Discussion
Cysticercosis is an infection of both humans and pigs with the larval stages of the parasitic cestode,
Taenia solium. This infection is caused by ingestion of eggs shed in the feces of a human tapeworm carrier. Pigs and humans become infected by ingesting eggs or gravid proglottids. Humans are infected either by ingestion of food contaminated with feces, or by autoinfection. In the latter case, a human infected with adult
T. solium can ingest eggs produced by that tapeworm, either through fecal contamination or, possibly, from proglottids carried into the stomach by reverse peristalsis. Once eggs are ingested, oncospheres hatch in the intestine, invade the intestinal wall, and migrate to striated muscles, as well as the brain, liver, and other tissues, where they develop into cysticerci [
3].
Fully developed cysticerci are opalescent, milky white cysts, elongated to oval, and approximately 1 cm in diameter. The cyst contains fluid and a single invaginated scolex. The scolex has a rostellum, four suckers, and 22–32 small hooklets. The cyst wall is multilayered, 100–200 mm thick, and covered by microvilli. The outer, cuticular layer appears smooth and hyalinized and is frequently raised in projections [
4]. Beneath the tegument is a row of tegumental cells. The inner layer or parenchyma is loose and reticular, containing mesenchymal cells and calcareous corpuscles [
5]. The calcareous corpuscles are a unique feature of cestode tissue. These spherical, noncellular masses occur in the parenchyma and are especially prominent in larval cestodes. The corpuscles take on a bluish-purple color in hematoxylin and eosin (H and E) [
6].
The cysticercus secretes certain substances locally (for example, paramyosin, taeniastatin), which alter the host immune response. Both cellular as well as humoral immunity are affected [
7,
8]. With passage of time, these mechanisms become ineffective, and the inflammatory response leads to degeneration of the parasite, granuloma formation, and calcification.
The prevalence of cysticercosis ranges between 7 and 26%. The clinical manifestations depend on the location and number of lesions at a site [
8]. The most frequent sites affected are skeletal muscles, subcutaneous tissue, brain, ocular tissue, heart, liver, lungs, and peritoneum [
9]. A majority of cases do not lead to clinical ill-health, except occasional abdominal discomfort, anorexia, and chronic indigestion. Straying of proglottids may sporadically cause appendicitis or cholangitis. The most serious risk of
T. solium infection is cysticercosis [
10].
FNAC in combination with ROSE has been shown to increase diagnostic yield and accuracy.

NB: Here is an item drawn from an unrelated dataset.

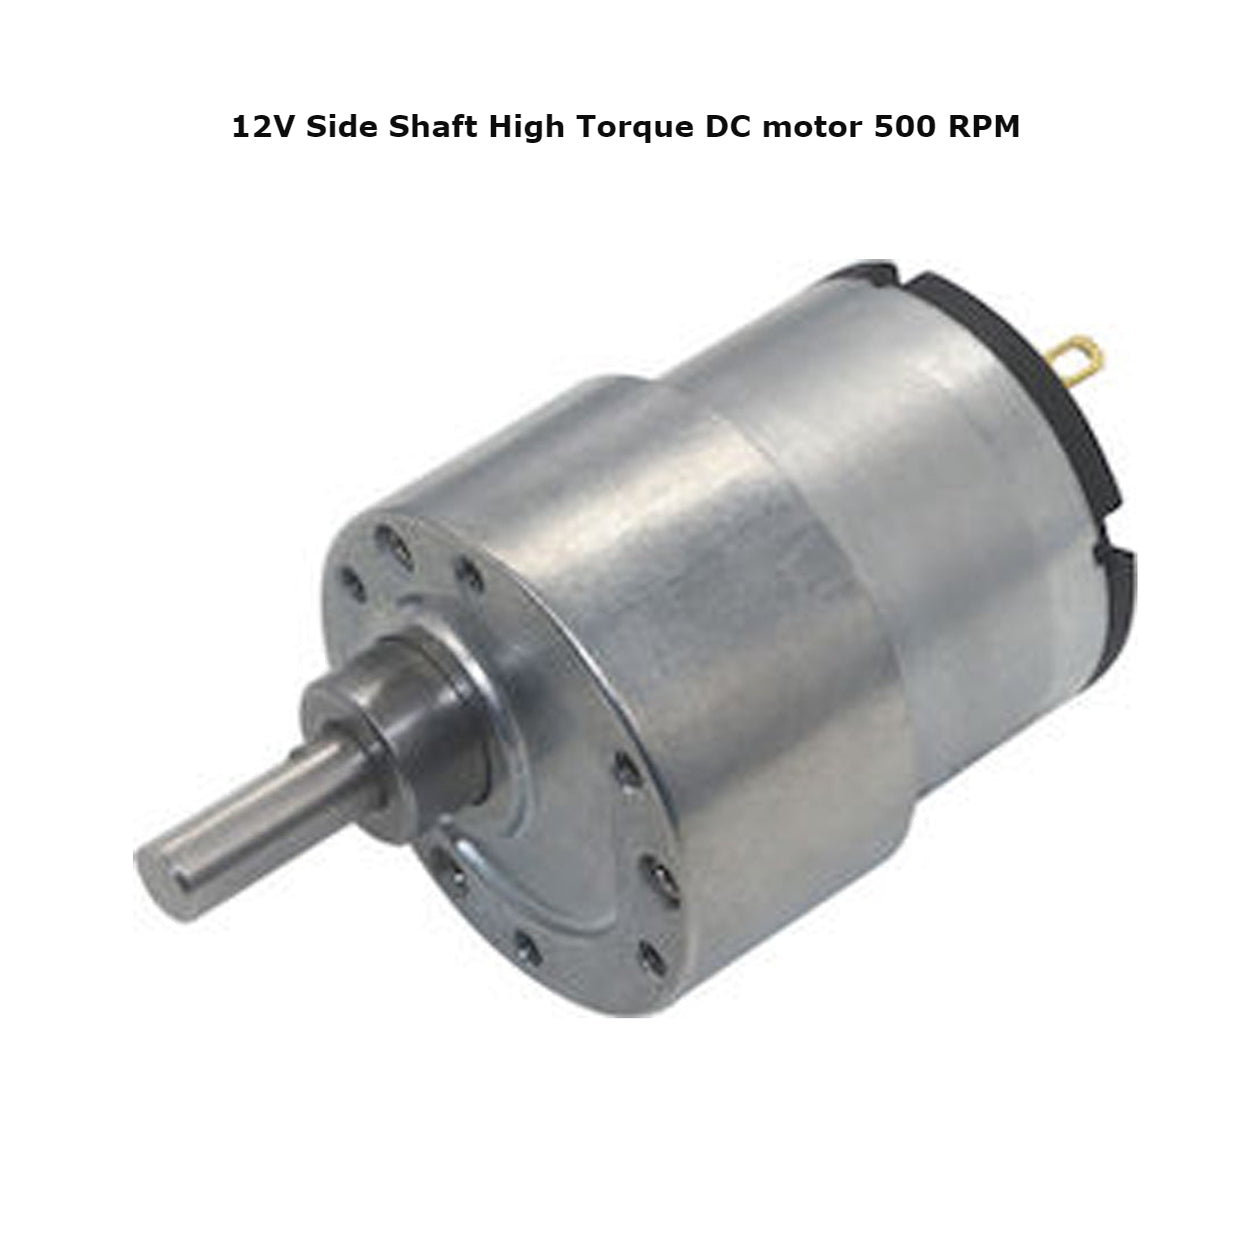 12V Side Shaft High Torque DC motor 10RPM - 500RPM

Numerous studies have documented an increase in adequate specimens after the implementation of ROSE compared to FNA performed before ROSE was available. The decrease in non-diagnostic specimens has been reported to drop from 15–47% to 4–23%, depending on the FNA site [
11,
12]. The improved adequacy rate is largely due to additional passes performed at the time of FNA, when the initial pass is non-diagnostic. This procedure ensures that sufficient quantities of cells of adequate quality are obtained to permit a complete diagnostic workup. Ultimately, this will translate into an appropriate treatment plan without the patient undergoing any invasive surgical procedures [
13].
Aspiration of clear fluid is a strong indicator of a parasitic infection in a palpable subcutaneous or intramuscular nodule, which provides a clue for the diagnosis of cysticercosis [
5]. Pooja and Pratima had 69.3% cases where the aspirate was clear fluid, varying in quantity, whereas aspirate was purulent in 16.8% cases, blood mixed in 13.1%, and granular or particulate in 0.8% cases [
8].
The cytological diagnosis is quite straightforward in cases where actual parasite structure is identified in the smears. It initially comprises macrophages and lymphocytes followed by the appearance of palisaded histiocytes. Eosinophils and plasma cells appear still later. Subsequently, neutrophils surround and invade the parasite and lead to its degeneration. However, in other cases, the presence of histiocytes, which may be in palisaded clusters or not, a typical granular dirty background, and so on, are the features which should always alert a pathologist to this possibility. Epithelioid cell granulomas can also be present in the later stages. Foreign body giant cells are invariably present in surrounding inflammatory zone. However, in some cases of cysticercosis, none of these features may be present, and the inflammatory infiltrate may also be variable. Demonstration of fragment of larval bladder wall, hooklets, and calcareous corpuscles confirms the diagnosis of cysticercosis [
2,
4].
Control measures include: proper cleaning and cooking of vegetables, meat inspection, health education, and adequate sewage treatment and disposal. The drug of choice is albendazole 10–15 mg/kg body weight per day given twice daily with a fatty meal. Seven to 14 days may be sufficient for some patients, but a longer course (up to 28 days) is advisable at present. It can be repeated as necessary. It can even be combined with a steroid for control of inflammation [
3,
10].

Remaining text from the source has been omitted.